What Foods Are High in Fructooligosaccharides?

Fructo-oligosaccharides (FOS), also known as fructooligosaccharides or sucrose fructo-oligosaccharides, are a functional oligosaccharide that can promote the proliferation of bifidobacteria, prevent the growth and colonization of harmful microorganisms, enhance the body's immune system, protect the liver, fight cancer, prevent tooth decay, and partially exert the physiological functions of dietary fiber [1]. As a typical prebiotic, FOS is now widely used in the fields of food, health care, medicine and feed. In recent years, FOS has attracted much attention and emphasis, especially in Europe and Japan, where its research and development applications are at the forefront of the world. This paper reviews the latest research progress on the biological effects, production technology and application status of FOS, with a view to providing a cutting-edge theoretical basis for further research and development.

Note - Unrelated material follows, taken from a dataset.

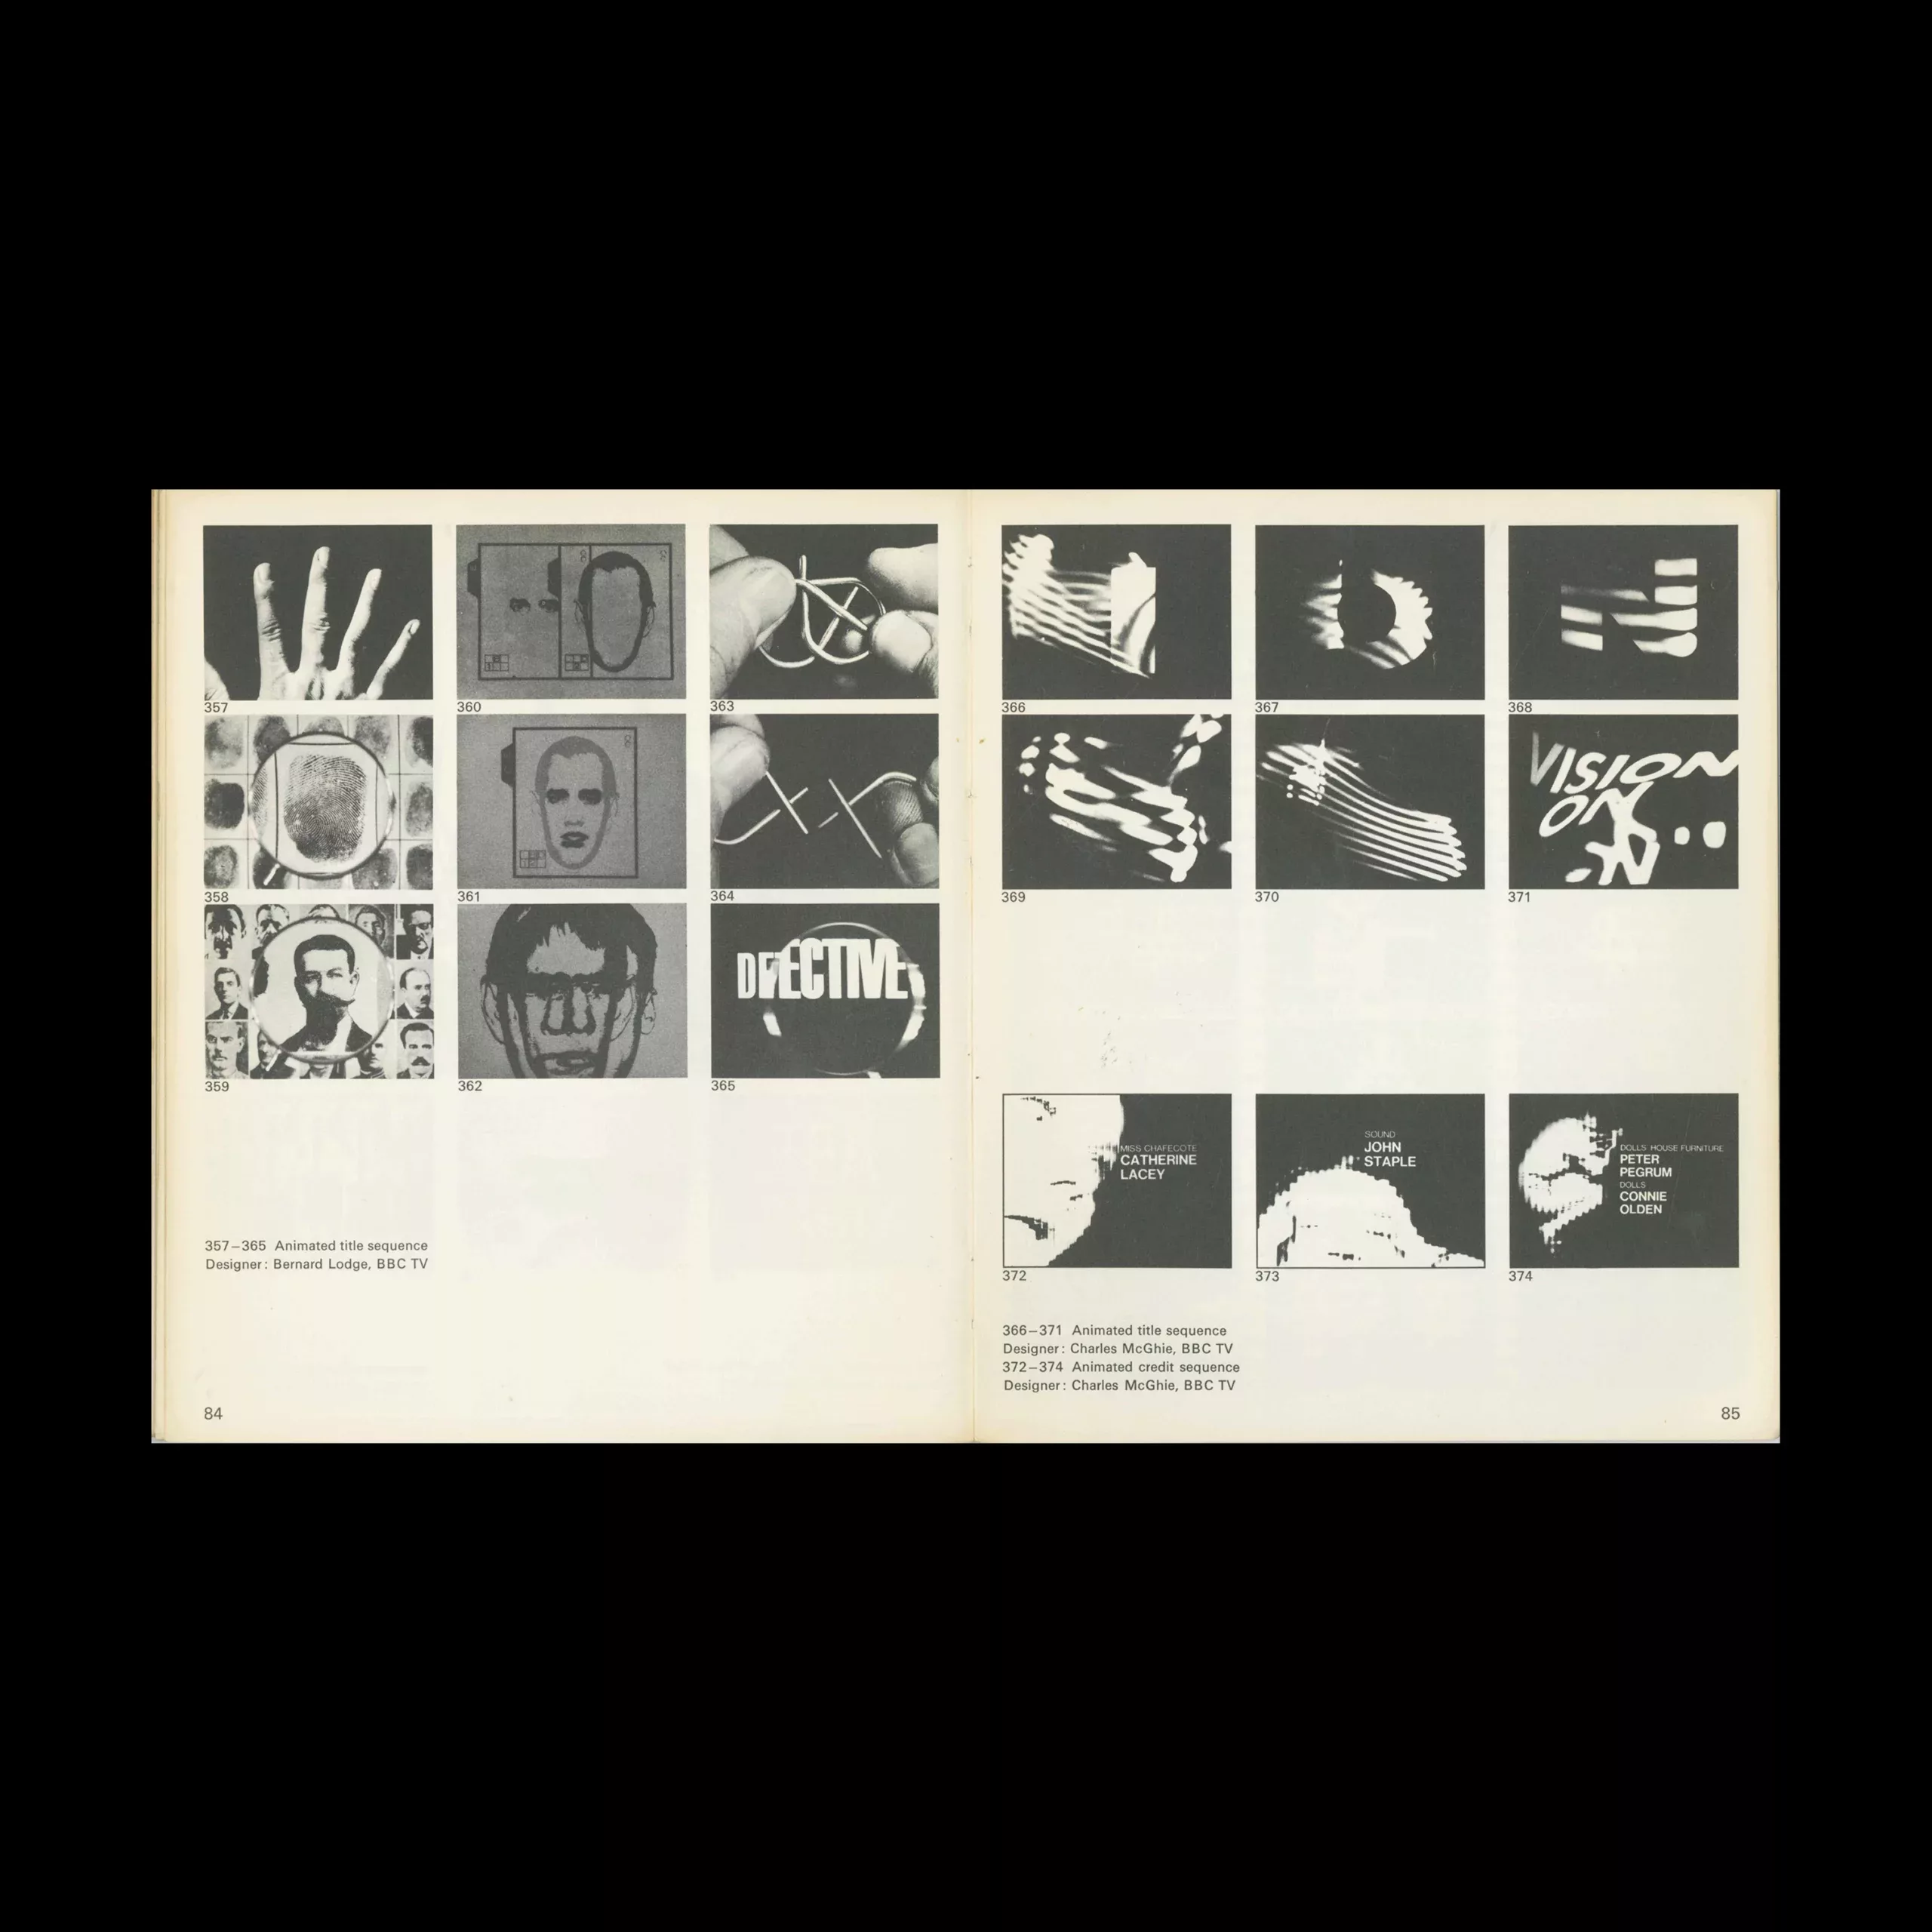 TV / Television Graphics, Studio Vista London, 1966
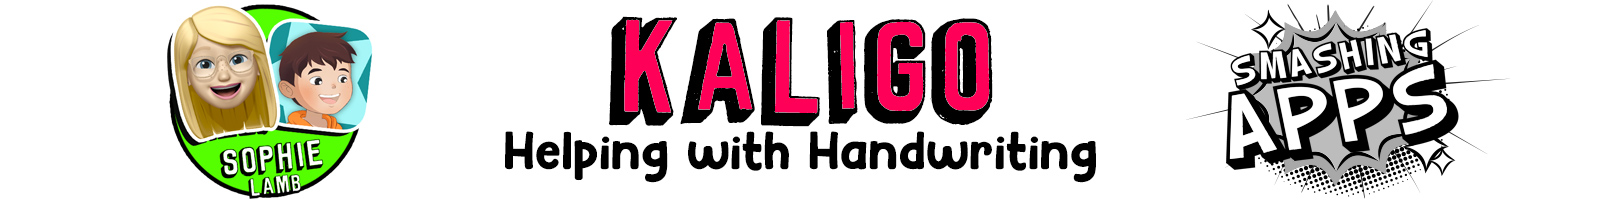 Subheading: Kaligo - Helping with Handwriting

1 Structure, properties and sources of FOS

1.1 Structure

FOS is a type of fructooligosaccharide (FOS) that is a mixture of fructo-oligosaccharides (GF2), fructo-oligosaccharides (GF3), and fructo-oligosaccharides (GF4), which are composed of one to three fructose units linked to the fructose residue of a sucrose molecule via a β-1,2 glycosidic bond. The general formula is G-F-Fn (G is glucose; F is fructose; n=1, 2, 3).

1.2 Properties

FOS with a purity of 95% is only about 30% as sweet as sucrose, and has a purer, fresher taste than sucrose. In vivo, the calorific value of FOS is only 1.5 kcal/g (40% of glucose), which is extremely low. Its viscosity decreases with increasing temperature. It is less hygroscopic and is suitable for slowing the moulding and deterioration of feed or food to ensure the shelf life of the product. FOS has similar thermal stability to sucrose under neutral conditions at 120°C, but is easily decomposed when heated under acidic conditions at pH 3–4. FOS is not only reducing, but also participates in the Maillard reaction, and has a significant inhibitory effect on starch retrogradation. This property is very suitable for starchy foods. In addition, FOS has good solubility, non-color, excipient properties, alkali resistance, anti-aging and other processing characteristics. Studies have shown that the total functional sugar retention rate of FOS decreases to 74% after 25 minutes at 121°C under neutral conditions, 31% under acidic conditions, and is stable under alkaline conditions [2].

1.3 Sources

FOS is found in many natural plants and some herbs, such as everyday vegetables and fruits, especially Jerusalem artichoke (16%–20%), asparagus (1%–20%), chicory (5%–10%), garlic (3%–6%), onion (2%–6%), leek (2%–5%), burdock (3.6%), wheat (1 % to 4%), as well as honey and bananas, which have high levels, and rye and tomatoes, which also contain small amounts.

2 FOS production

At present, there are two common industrial production methods for FOS: one is the hot water extraction and enzymatic hydrolysis of inulin from Jerusalem artichoke or chicory; the other is the enzymatic hydrolysis of sucrose as the raw material, which can be divided into the submerged fermentation method and the immobilized enzyme method according to whether the enzyme is immobilized or not.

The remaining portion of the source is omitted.